ふと近衛隊の二人の姿が浮かんだが、彼らはフォルカーの警護がある。自由に動ける身ではない。
(エルゼ様だったら…動けるかもしれない……)
高い身分と教養。将来フォルカーの隣に立てるように努めているの彼女の顔の広さは外交官ですら脱帽する程だ。もしかしてメイドも知らないような噂を聞いているかもしれない。身体も丈夫そうだ。何より想い人の命がかかっている。協力してくれるかもしれない。
一抹の不安があるとすれば、先々王の肖像画を父だと告げた一件で嘘をつく奴だと思われていることだろう。
本当のことを打ち明けたとしても、まともにとりあって貰えるんだろうか?「あの阿呆がこんなこと言ってましたのよホホホ」なんて雑談のネタにされてはかなわない。
せめてカールトンの抑止力になればと、先日庶務を頼まれ城へ来ていた彼を尾行した。が、早々にバレたので「勉強のためです!」と追従に切り替える。
城は人目が多いせいだろう。かなりウザそうな目で見られたが以前のように喧嘩を売られるようなことは無かった。もしかしたら足と蜂蜜ミルクを運び続けた成果……?
時折廊下の端や向かいの窓からフォルカーが睨んできたが、とりあえず後回しにする。あの人の機嫌は二の次でいい。
カールトンと過ごした時間は少なくも確実に積み重なっているようで、今日は小さな奇跡も起きた。彼が目の前で用意した蜂蜜ミルクを飲んでくれたのだ。しかも飲み残しを無言で渡してくれた。ついに心の鋼鉄の扉が開いたのか…!という感動とともに貰ったミルクを一気飲みする。
ただ、ドアの隙間から見たことのあるエメラルド色の瞳がギラつき、殺意に充ち満ちたオーラを垂れ流していたが…もうこれも後回し。多分カールトンにはバレバレだっただろう。
というか、一応暗殺リストに入っているかもしれないので出来れば遠くにいて欲しいのだけれど……。
夜風が窓をカタカタと鳴らす。
一人で過ごす部屋で他にすることもなくなってしまった。
そういえば交換日記が返ってきていたんだった。自室に戻り、プレゼントを開く時のような高揚感を抱きつつページを開く。
そこには謎の左手が描いてあった。簡単なデッサンのようなもので、途中で飽きたのか下半分がミノムシのようにぐちゃぐちゃになっていた。
恐らく彼はこの交換日記が『付き合い始めの男女がすること』という想定を忘れている。
(殿下ったら適当なんだから…)
自分の絵と比べるともしかしたら若干…極々僅差で上手いのかもしれないが、メッセージ性や芸術的観点からすると自分の方が遥かに勝っているに違いない。
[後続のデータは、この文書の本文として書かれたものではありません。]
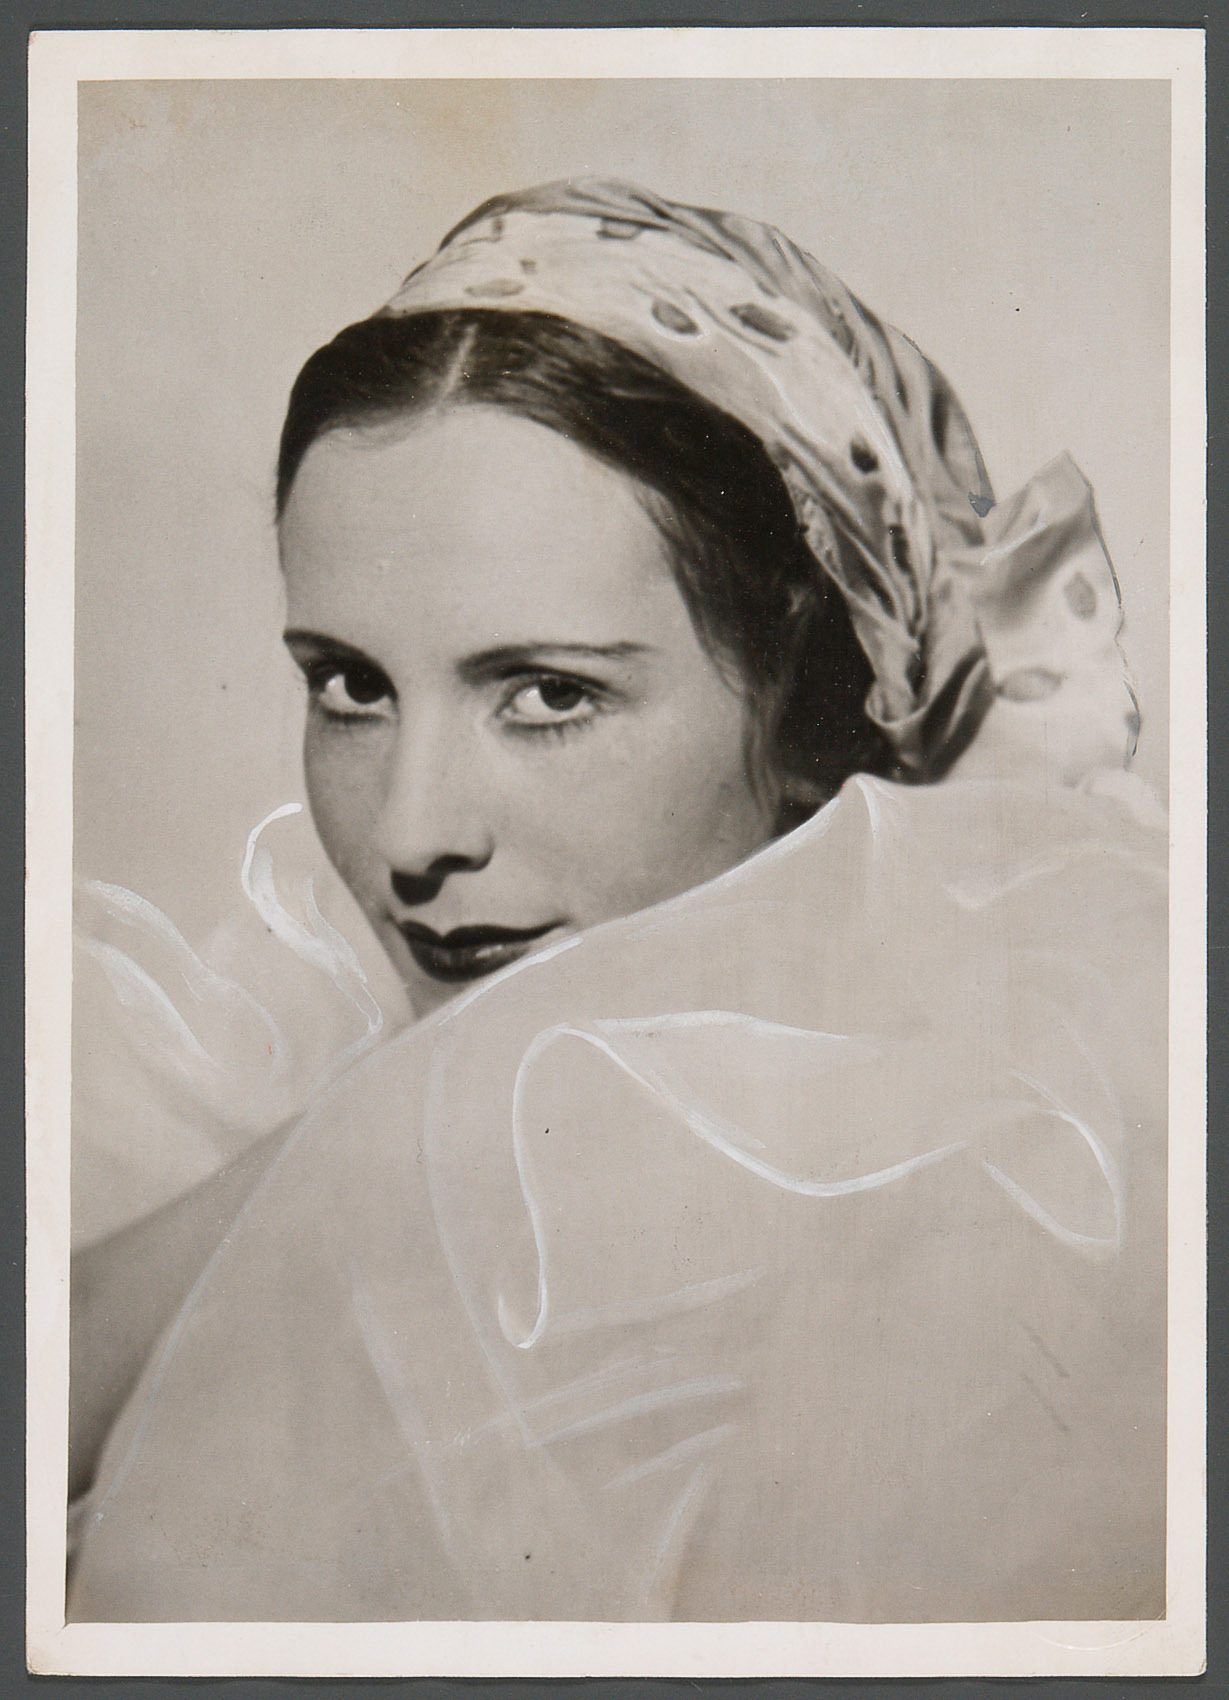 Jarmila Novotna von Atelier Willinger, Wien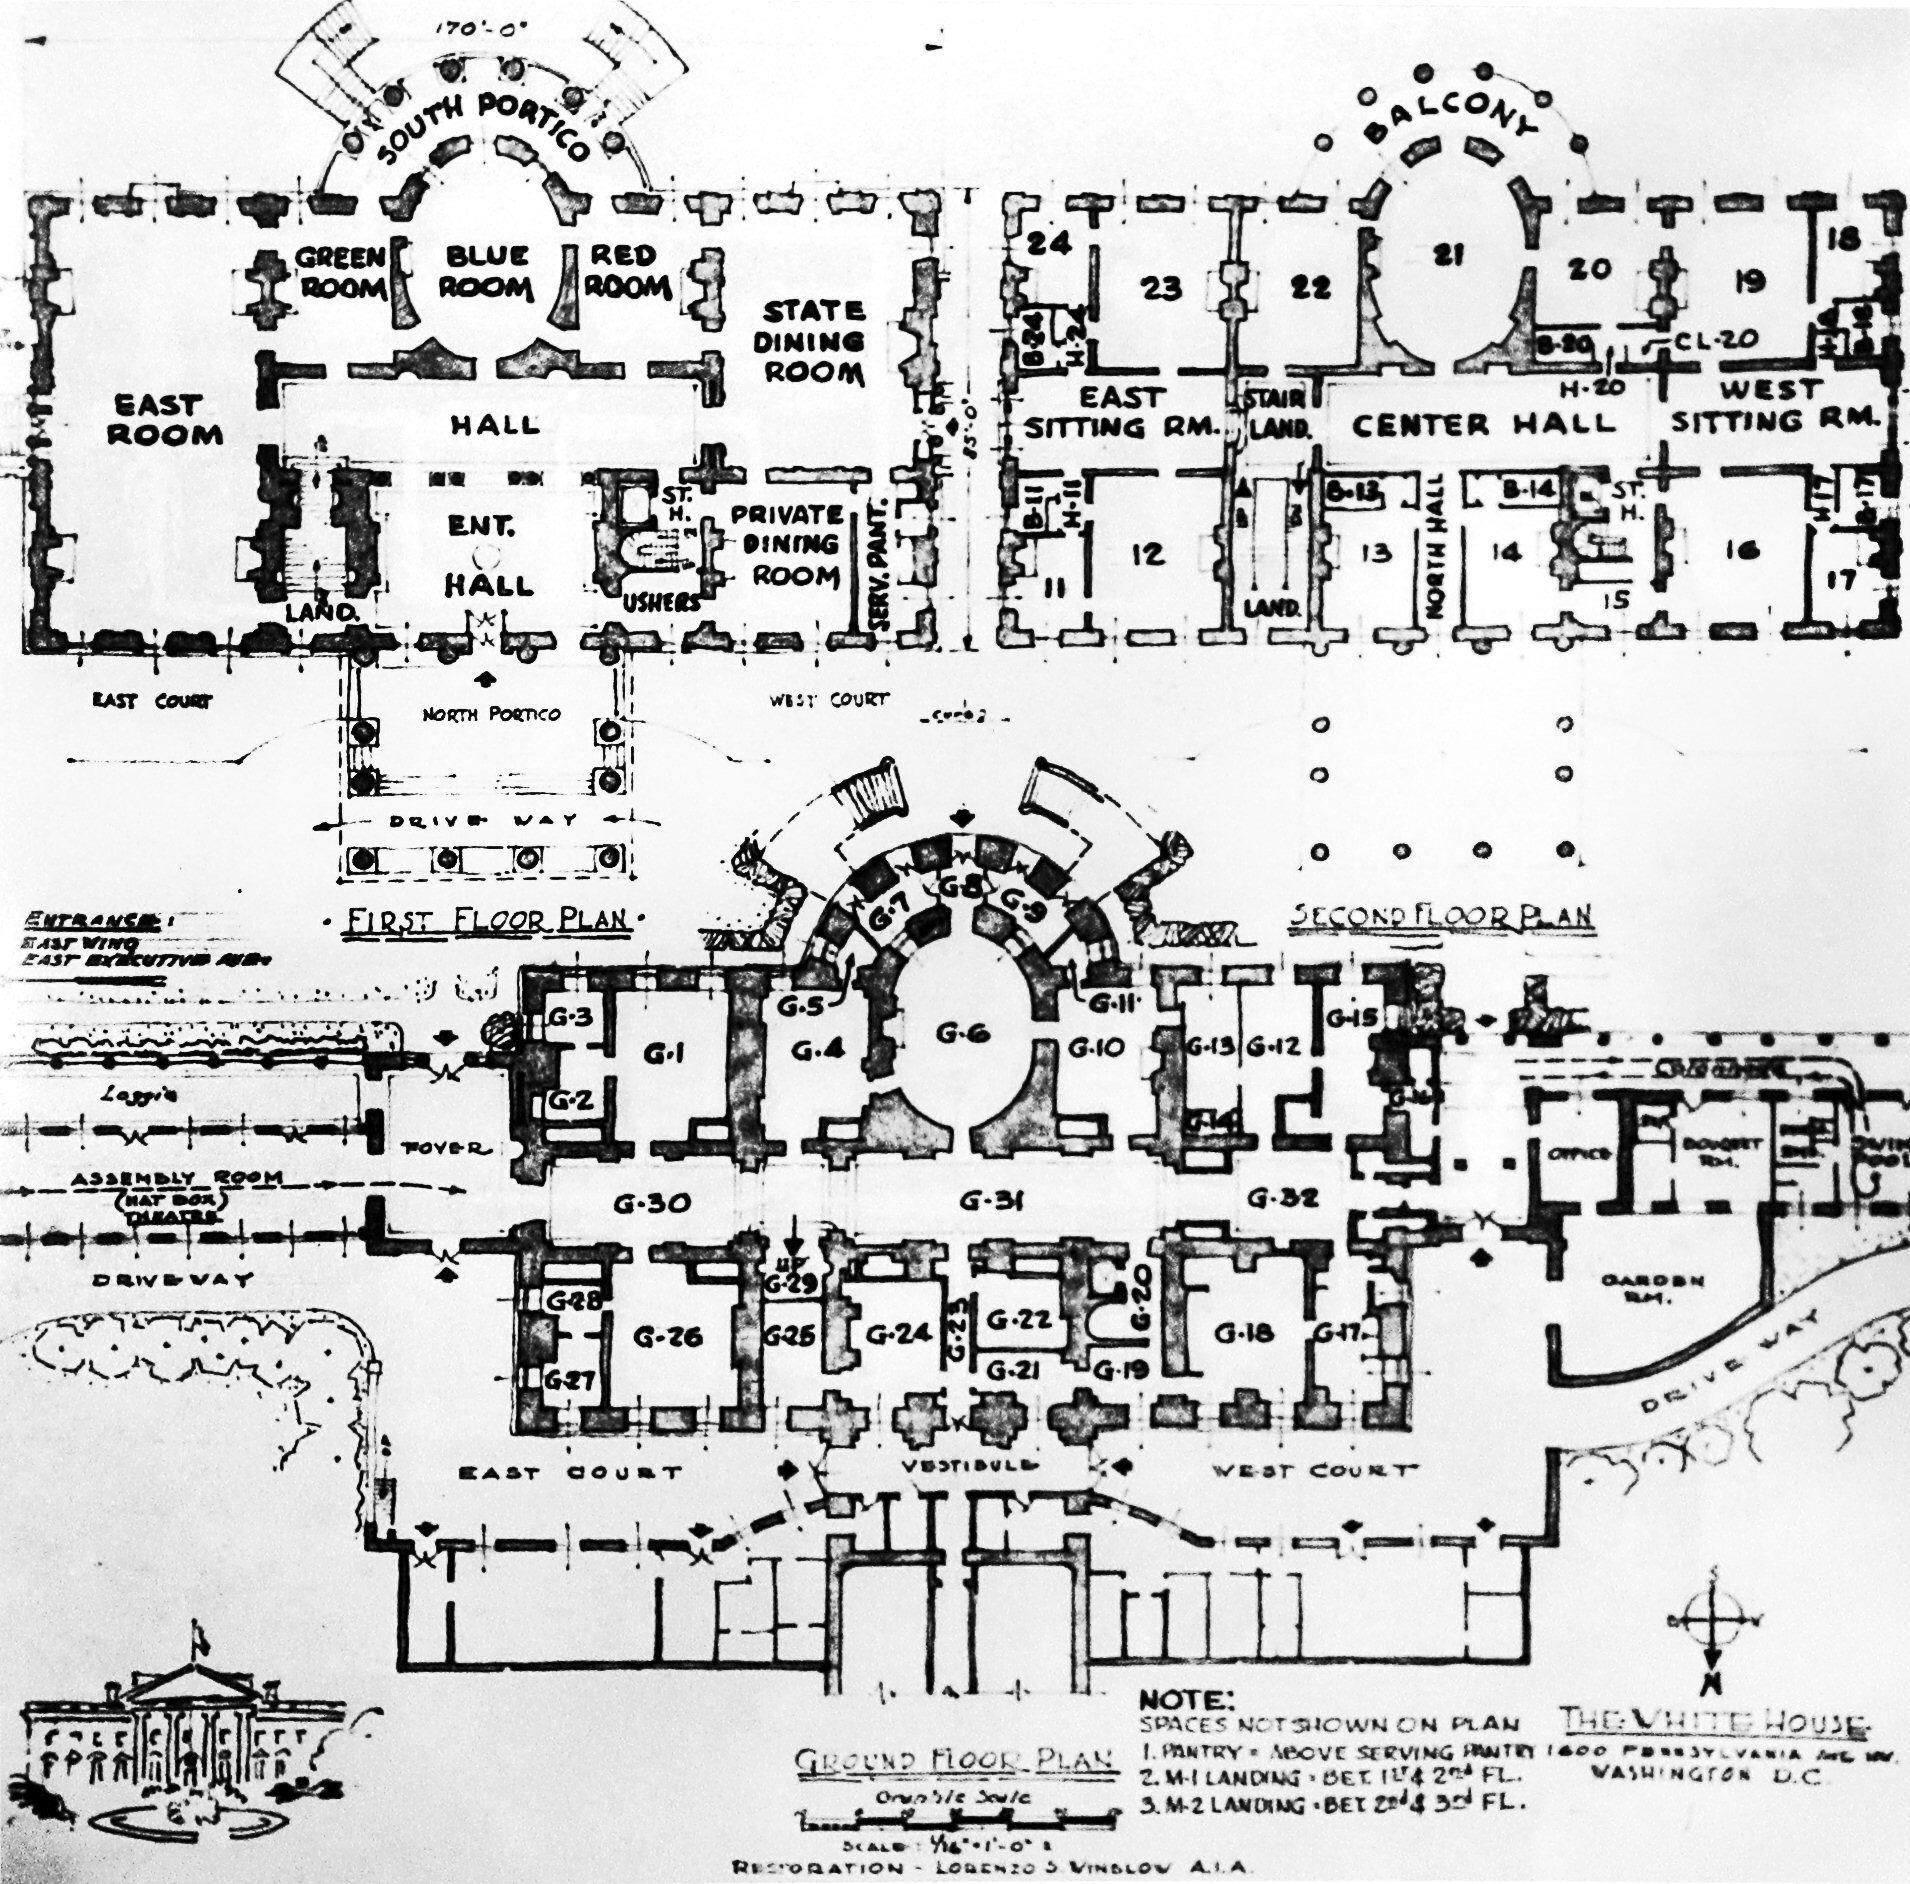 Image From Http Www Whitehousemuseum Org Images Whitehouse Floorplan C1952 Jpg House Floor Plans White House Plans How To Plan

(私がもっとちゃんとした《女》だったら…返事も変わってたのかな…?)
見え見えのお世辞や過度に容姿を褒め称える台詞を並び立ててくれるのだろうか?
まあ、言われた所でツッコミを入れてしまいそうだし、そもそも自分が彼にそれっぽいことを言っていないのだから、彼にだけ望むのは我儘というものだろう。
(私が…あの人に望むこと……)
日記の革表紙に手を置き親指でそっと撫でた。
誰かに何かを望んだところできっとそれは手に入らない。入ったとしても望んだ形である確証もない。
深く考えず、訪れた幸運も不幸も素直に受け入れるのがきっと一番なのだ。
フォルカーの部屋に戻り、金の取っ手が輝く火かき棒で暖炉の薪をかき分ける。
より多くの空気を取り込めるようになった炎がゆっくりと大きくなり、部屋が暖まる頃フォルカーが戻ってきた。
「……ん?お前、なんか暗いな。腹でも壊してるのか?」
「お腹は元気です。殿下の気のせいですよ」
訝しげなフォルカーを横目に、彼が就寝するための準備を整える。着替えをさせ、明日のスケジュールを確認した。
燭台のロウソクを消すと部屋は暖炉とサイドテーブルに置かれたロウソクの僅かな明かりだけになる。他に用事も無いようなので、ポルトは主人に頭を下げた。
「それではおやすみなさいませ、殿下」
「……なぁ」
「はい?」
「……まだ眠くないんだ。ちょっと付き合わねぇか?」
「?」
「……ここ、座らない?」
視線に促され、ポルトはベッドに横たわる彼の足元に近づく。しかし、「違う、そこじゃない」と言われ、すぐ隣に恐る恐る座った。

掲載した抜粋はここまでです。